I certainly hope that Maxx returns from his comet trip in time to check this out. A Giant Takes on Physic's Biggest Questions.
The physicists, wearing hardhats, kneepads and safety harnesses, are scrambling like Spiderman over this assembly, appropriately named Atlas, ducking under waterfalls of cables and tubes and crawling into hidden room-size cavities stuffed with electronics.BTW, U.S. scientist would be getting ready to answer those questions, but our congress cancelled the American project in 1993. Fuckers.
They are getting ready to see the universe born again.
Again and again and again — 30 million times a second, in fact.
Starting sometime next summer if all goes to plan, subatomic particles will begin shooting around a 17-mile underground ring stretching from the European Center for Nuclear Research, or Cern, near Geneva, into France and back again — luckily without having to submit to customs inspections.
Crashing together in the bowels of Atlas and similar contraptions spaced around the ring, the particles will produce tiny fireballs of primordial energy, recreating conditions that last prevailed when the universe was less than a trillionth of a second old.
Whatever forms of matter and whatever laws and forces held sway Back Then — relics not seen in this part of space since the universe cooled 14 billion years ago — will spring fleetingly to life, over and over again in all their possible variations, as if the universe were enacting its own version of the “Groundhog Day” movie. If all goes well, they will leave their footprints in mountains of hardware and computer memory.
6 comments:
Maxx does have a wormhole gate in Geneva, right?
flory
Maxx will check it out and report back to his centaur, I'm sure of it.
It was a shame that project in Texas was killed but I understood why that happened. Big, ugly budget deficits needed to be fixed. Plus, it was in Texas, so it was a proper "screw you" to Bush 41 from Clinton. Think of it as payback for Bush sending US troops into Somalia and dropping that in Clinton's lap. IMHO, anyway.
When Dennis Overbye writes "Starting sometime next summer…." does he mean this summer, 2007? Or next summer, 2008?
This distinction seems often lost in writing these days. And Overbye may have written the article months ago.
I wouldn't expect to see this sort of article more than a year before these wondrous machines were to be turned on.
And thanks for the link.
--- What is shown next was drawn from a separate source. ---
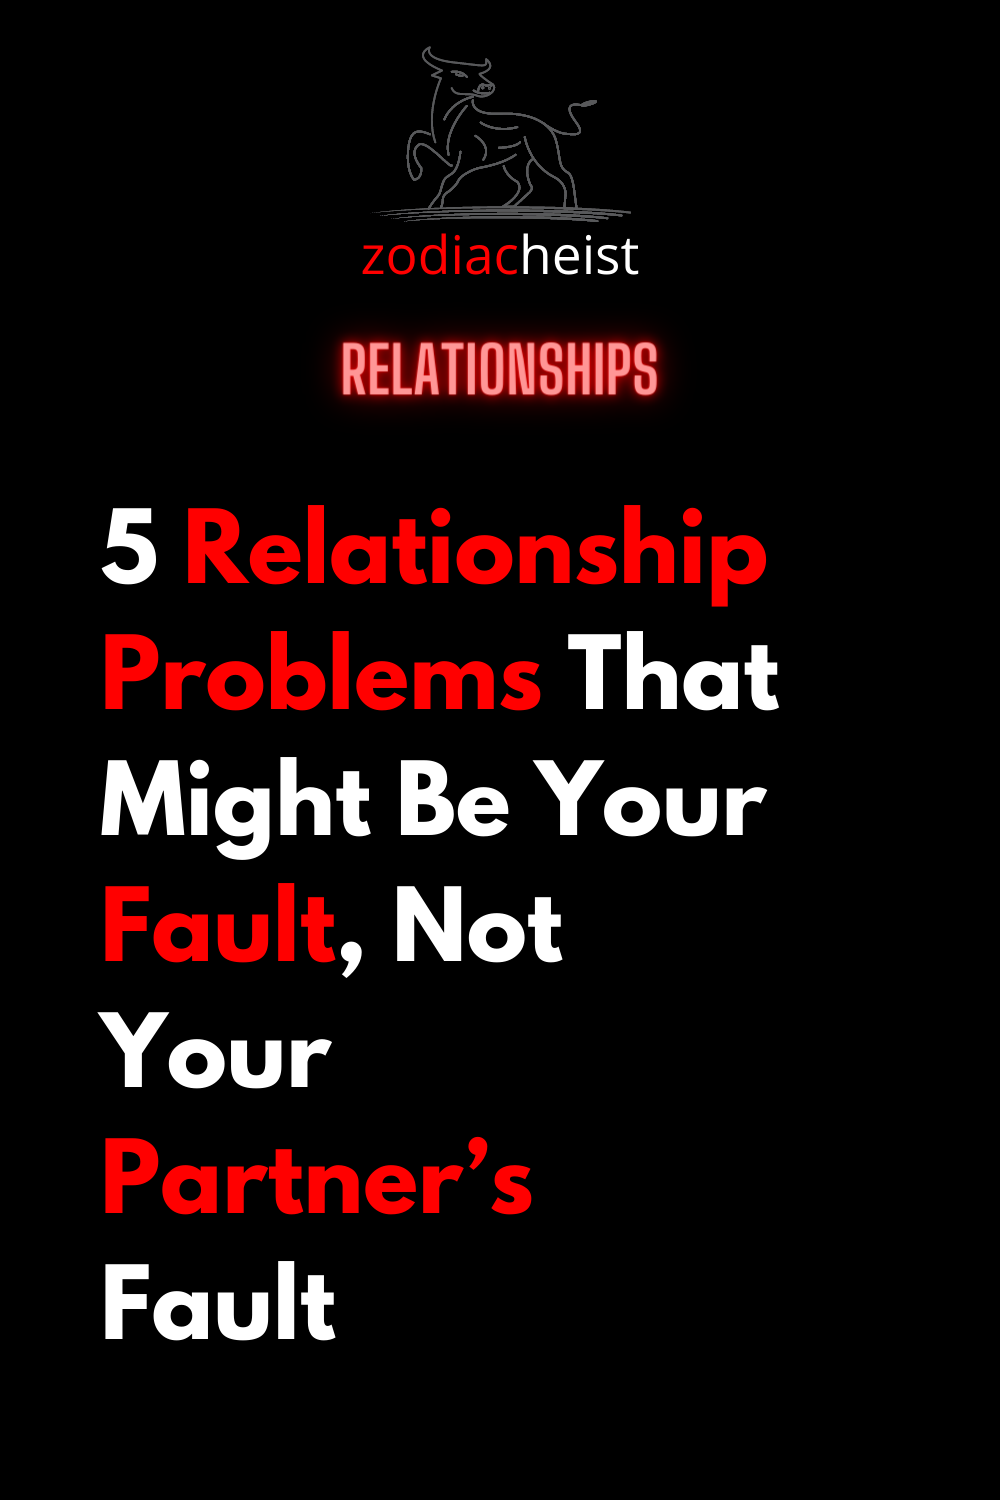 5 Relationship Problems That Might Be Your Fault, Not Your Partner’s Fault

It's a lot of difficult info written understandably. Overbye is a good science writer.
The Large Hadron Collider was going to start up this summer but about a month ago they blew up some of their "plumbing" in test. (I think they need Max to look over their designs). The last thing I heard was they are going to try to start it up again this coming March.
Backyard Astronomer
Ahh, good to know.
It probably happened while Maxx was out on his comet.